A Patchwork of Responsibilities

Consider the peculiar way that federal oversight can work.

The FDA monitors the safety of frozen pizza -- unless that pizza has a pepperoni topping. Then the USDA takes over, according to a 2005 U.S. Government Accountability Office report.

The amount of a particular ingredient in a can of soup dictates whether that soup falls under the purview of the USDA or the FDA. If a canning facility produces soup containing meat or poultry, it is inspected daily by the USDA. But if the plant also produces soup containing beans or seafood, then the FDA inspects it every one to five years.

"As economies have developed, and there are more commercial food manufacturers and multi-ingredient products, there have been some overlaps" between the USDA and FDA, said Jessica Milano, a Washington, D.C.-based consultant who wrote a report on food safety for the nonprofit Progressive Policy Institute. "There's a big gap in how things are being inspected, which becomes more ridiculous when you look at products like cheese pizza, which isn't getting inspected that frequently, but pepperoni pizza is."

Mark Garrison, editor of healthinspections.com, which focuses on restaurant safety, said: "You also have so many jurisdictions across counties and cities, which have vastly different food codes in terms of handling in restaurants. Is that a significant problem? It's hard to say. There are some jurisdictions that let restaurant food workers handle food without gloves and some that don't. Then you have the FDA proffering a model food code to jurisdictions, and some use it and some ignore it. There's a lot of difference in how even individual municipalities regulate."

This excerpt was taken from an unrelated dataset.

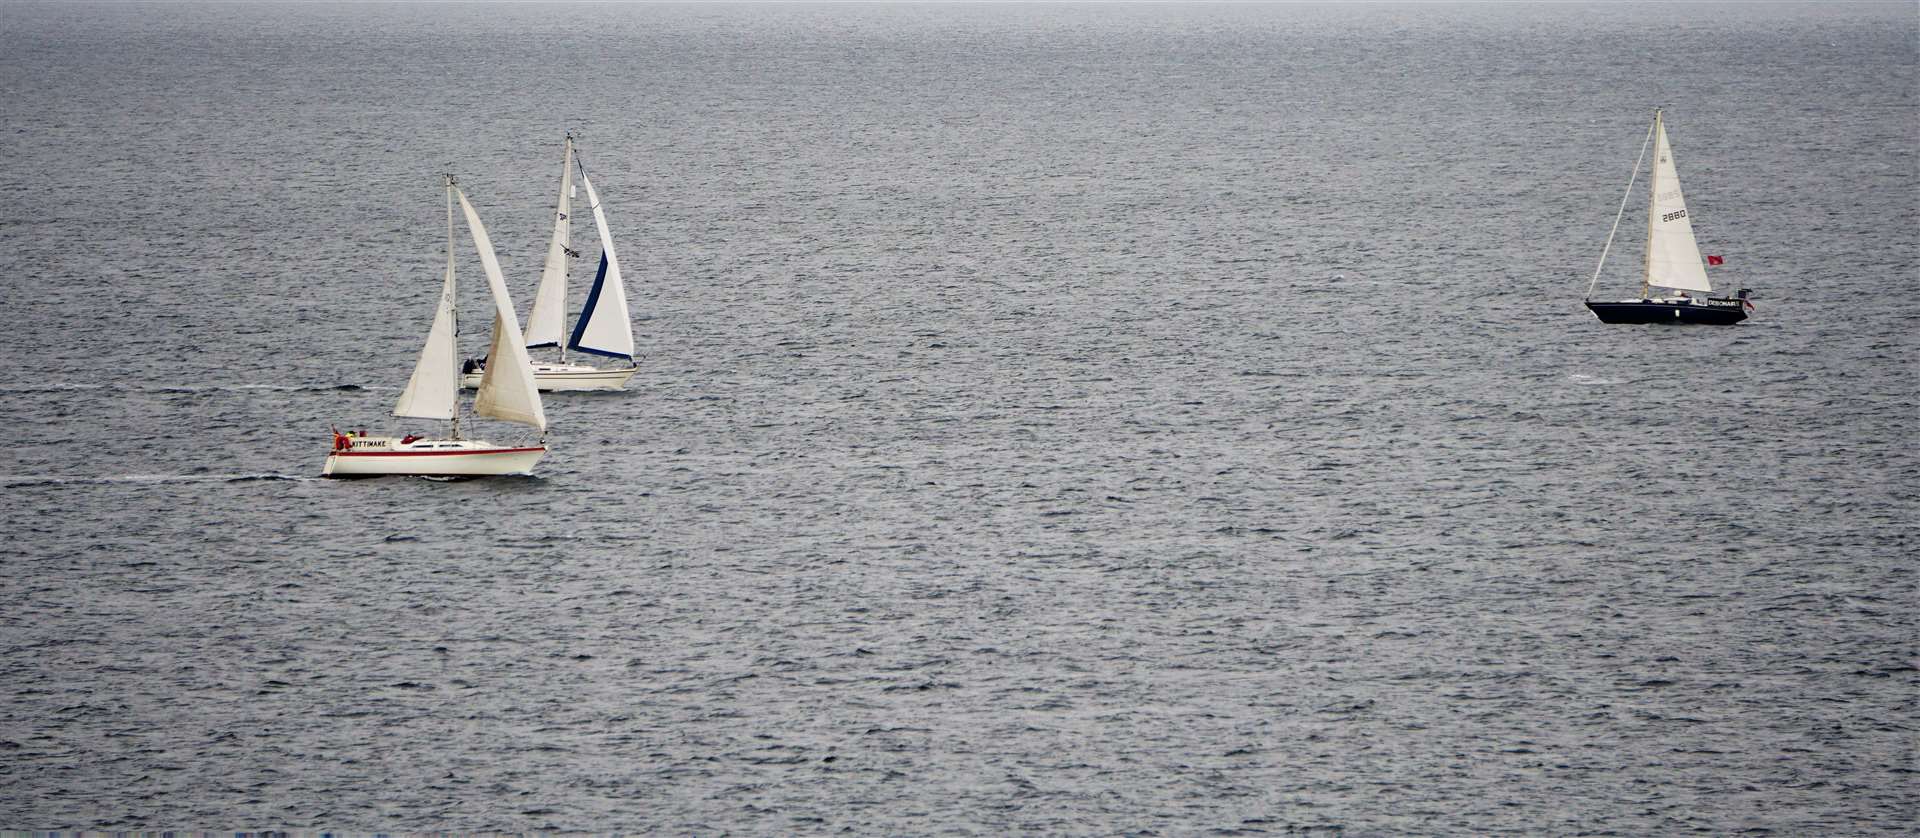 The yachts sailed around a buoy in Sinclair's Bay before heading back to Wick. Picture: DGS

Yet, in the end, even critics admit that, overall, the U.S. food system is relatively safe.

"If you look at all the volume of food that comes in from the outside plus what we produce internally, we still have a very safe food supply, possibly one of the safest in the history of mankind, quite honestly," said Parish. "But there have been some very high-profile problems that have popped up in past few years that have thrown fairly bad light on the system."

Added Doyle: "I think our food supply is still safe."